• _Material provided_
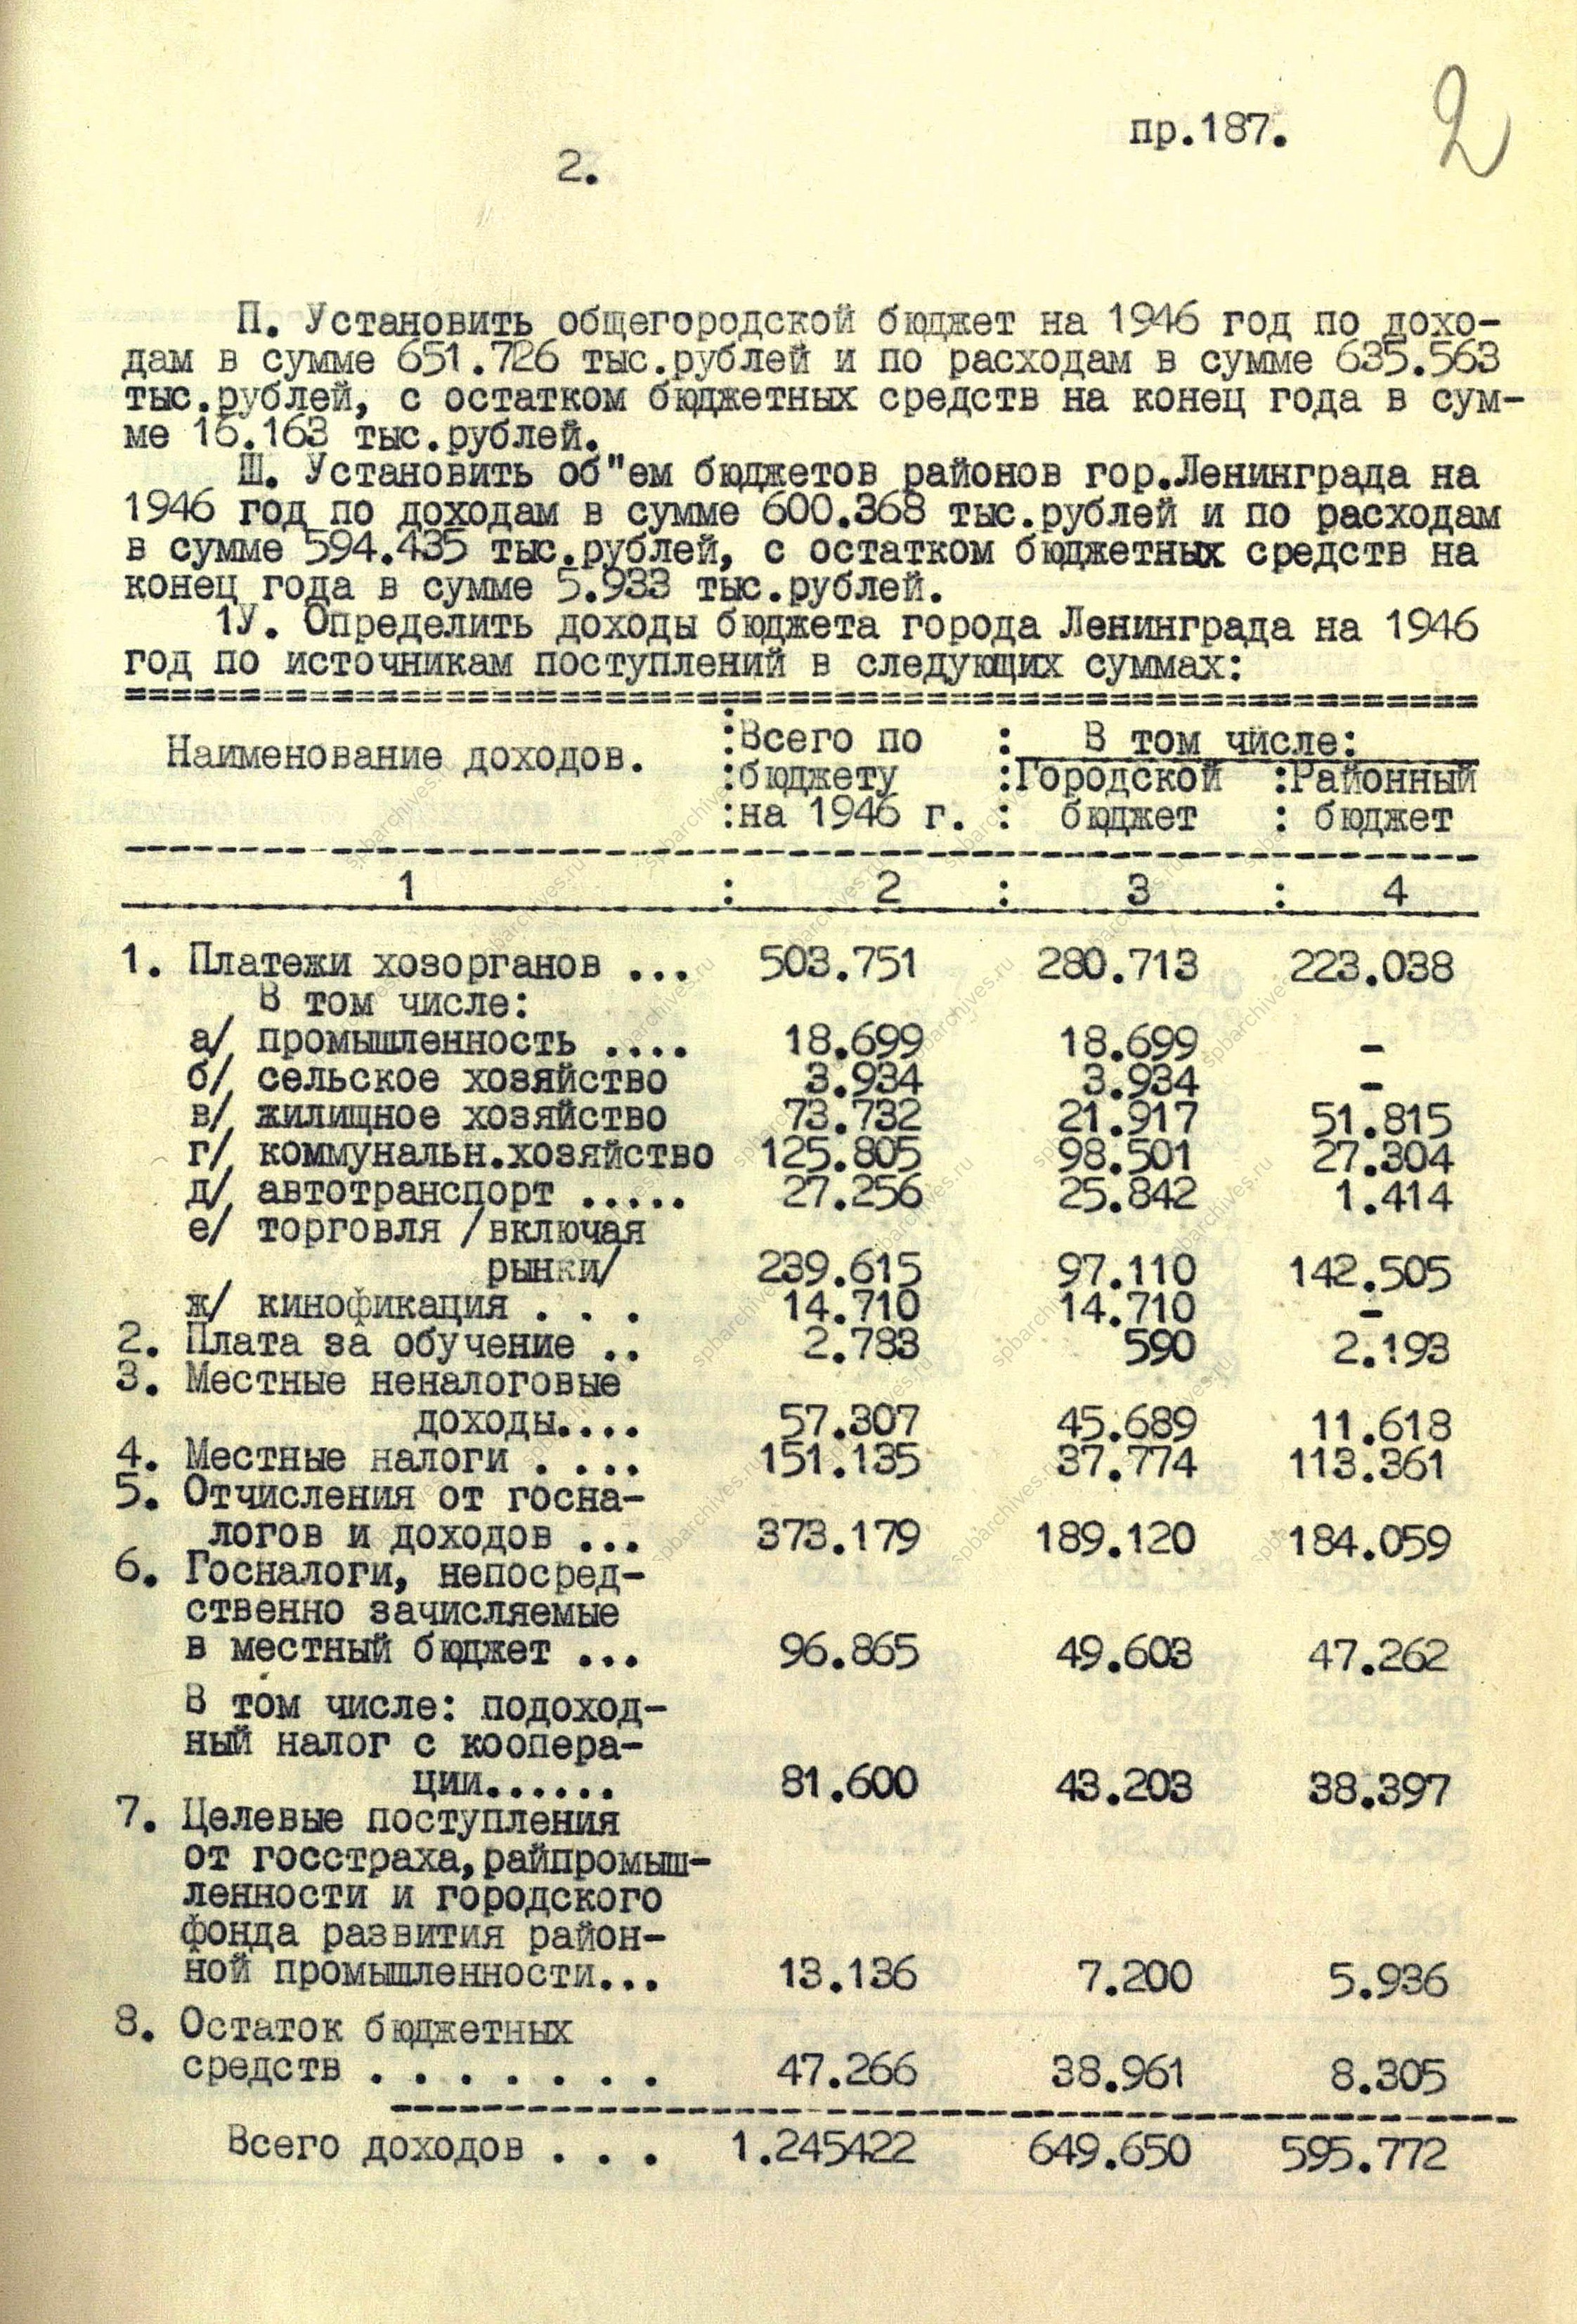 Из протокола заседания Ленгорисполкома – решение «О бюджете Ленинграда на 1946 г. и об исполнении бюджета за 1945 г.».<br />
1 июля 1946 г.<br />
<em>ЦГА СПб. Ф.7384. Оп.25. Д.136. Л.1-6.</em>

• _Task description_
From the first line to the last, transcribe the listing exactly; skip the pictures.

• _Solution to the exercise_
 Из протокола заседания Ленгорисполкома – решение «О бюджете Ленинграда на 1946 г. и об исполнении бюджета за 1945 г.».<br />
1 июля 1946 г.<br />
<em>ЦГА СПб. Ф.7384. Оп.25. Д.136. Л.1-6.</em>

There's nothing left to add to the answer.